India’s economic outlook amid rising US tariffs appears stable for now, with expectations of a mutually beneficial trade agreement by the end of 2025 offering a buffer against potential disruptions. According to a report by Bank of Baroda, the projected impact of a 10% decline in exports to the US would only shave off around 0.2% from India’s GDP growth. As a largely domestic-driven economy—where consumption forms nearly 60% of the GDP—India is somewhat shielded from external trade shocks. In contrast, merchandise exports account for just 12% of the GDP, making the immediate tariff impact more manageable.
Despite US President Donald Trump’s recent indication that pharmaceuticals may also come under scrutiny, experts believe India might escape the worst effects through targeted exemptions and strategic negotiations. Aditi Gupta, economist at Bank of Baroda, emphasized that India could potentially benefit by capturing market share lost by other Southeast Asian nations—like Vietnam, Taiwan, and Indonesia—which face even steeper tariffs between 32% and 46%. India’s revised tariff rate stands at 27%, while China has been hit with an increased rate of 34% on top of an existing 20%.

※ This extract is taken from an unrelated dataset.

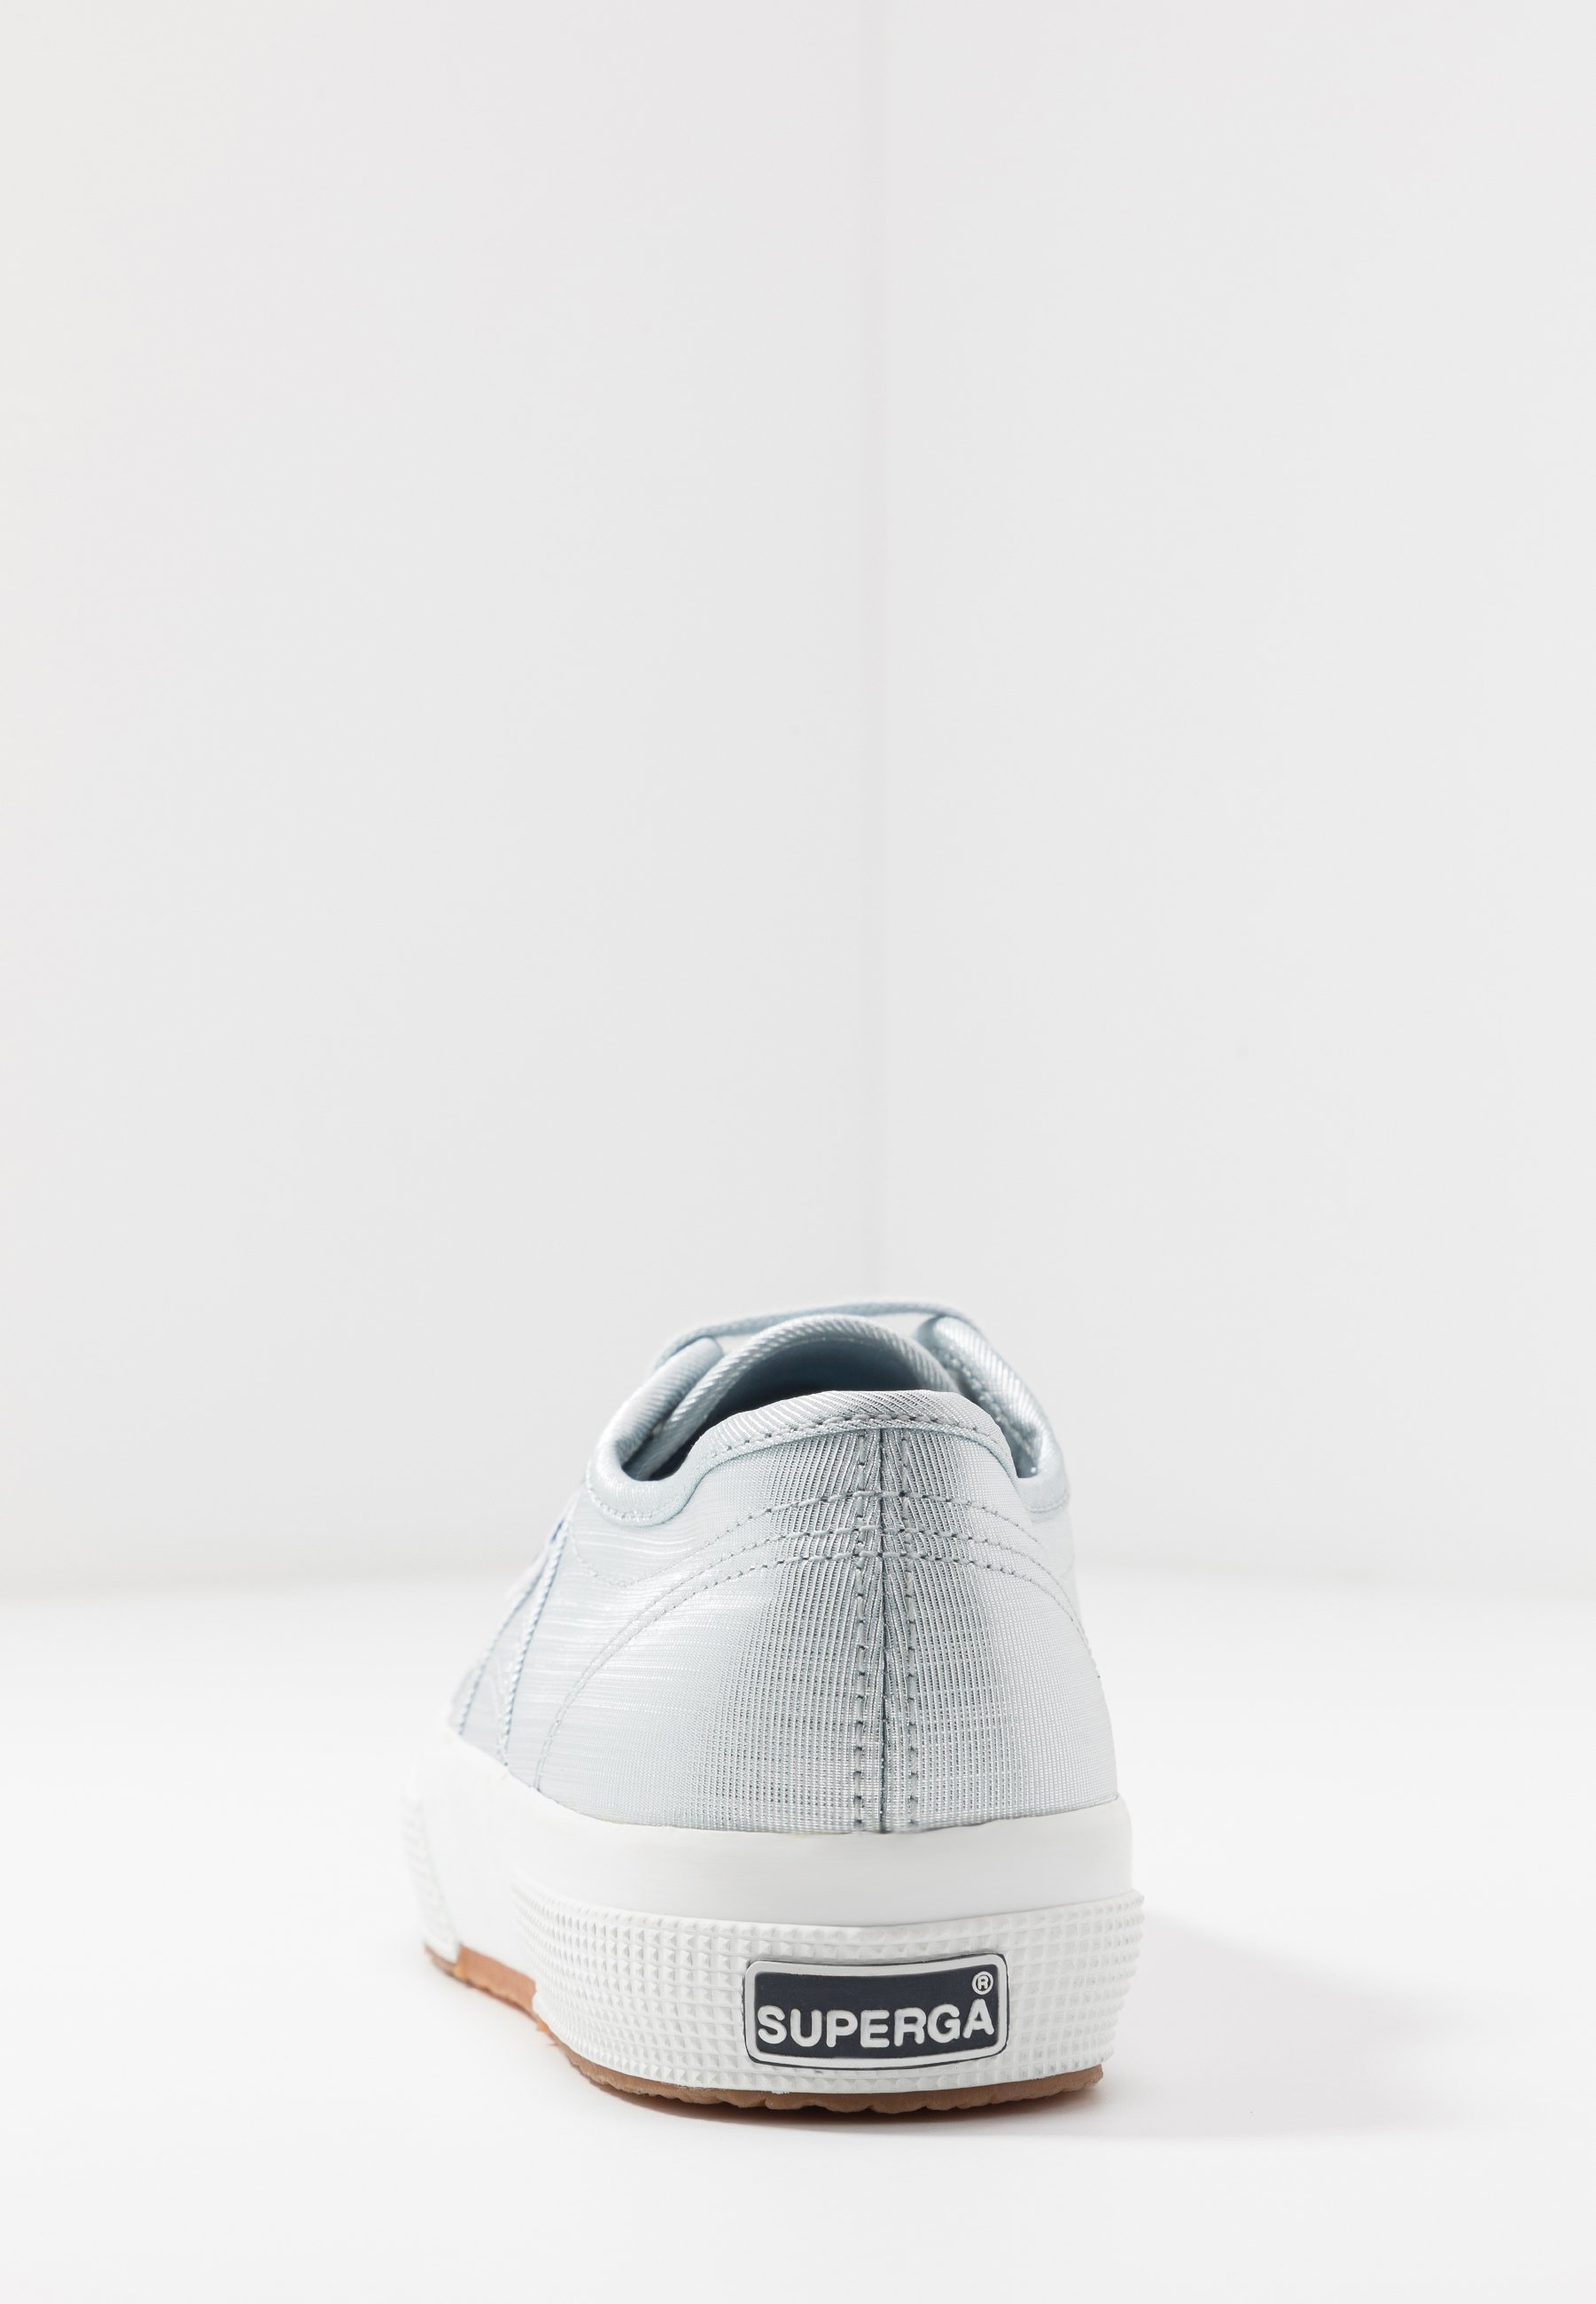 Superga 2750 - Sneakers Basse Blue Light Sky cPSX2

Crucial sectors vulnerable to tariff hikes include electronics, precious stones, machinery, and garments. However, the report underscores that because these tariffs are part of a global hike affecting all trading partners, India’s relative disadvantage may be limited. Diplomatic ties between New Delhi and Washington are expected to play a key role in fast-tracking a trade agreement. If successfully negotiated, such a deal could significantly ease the long-term economic strain and bolster India’s position in the global export landscape.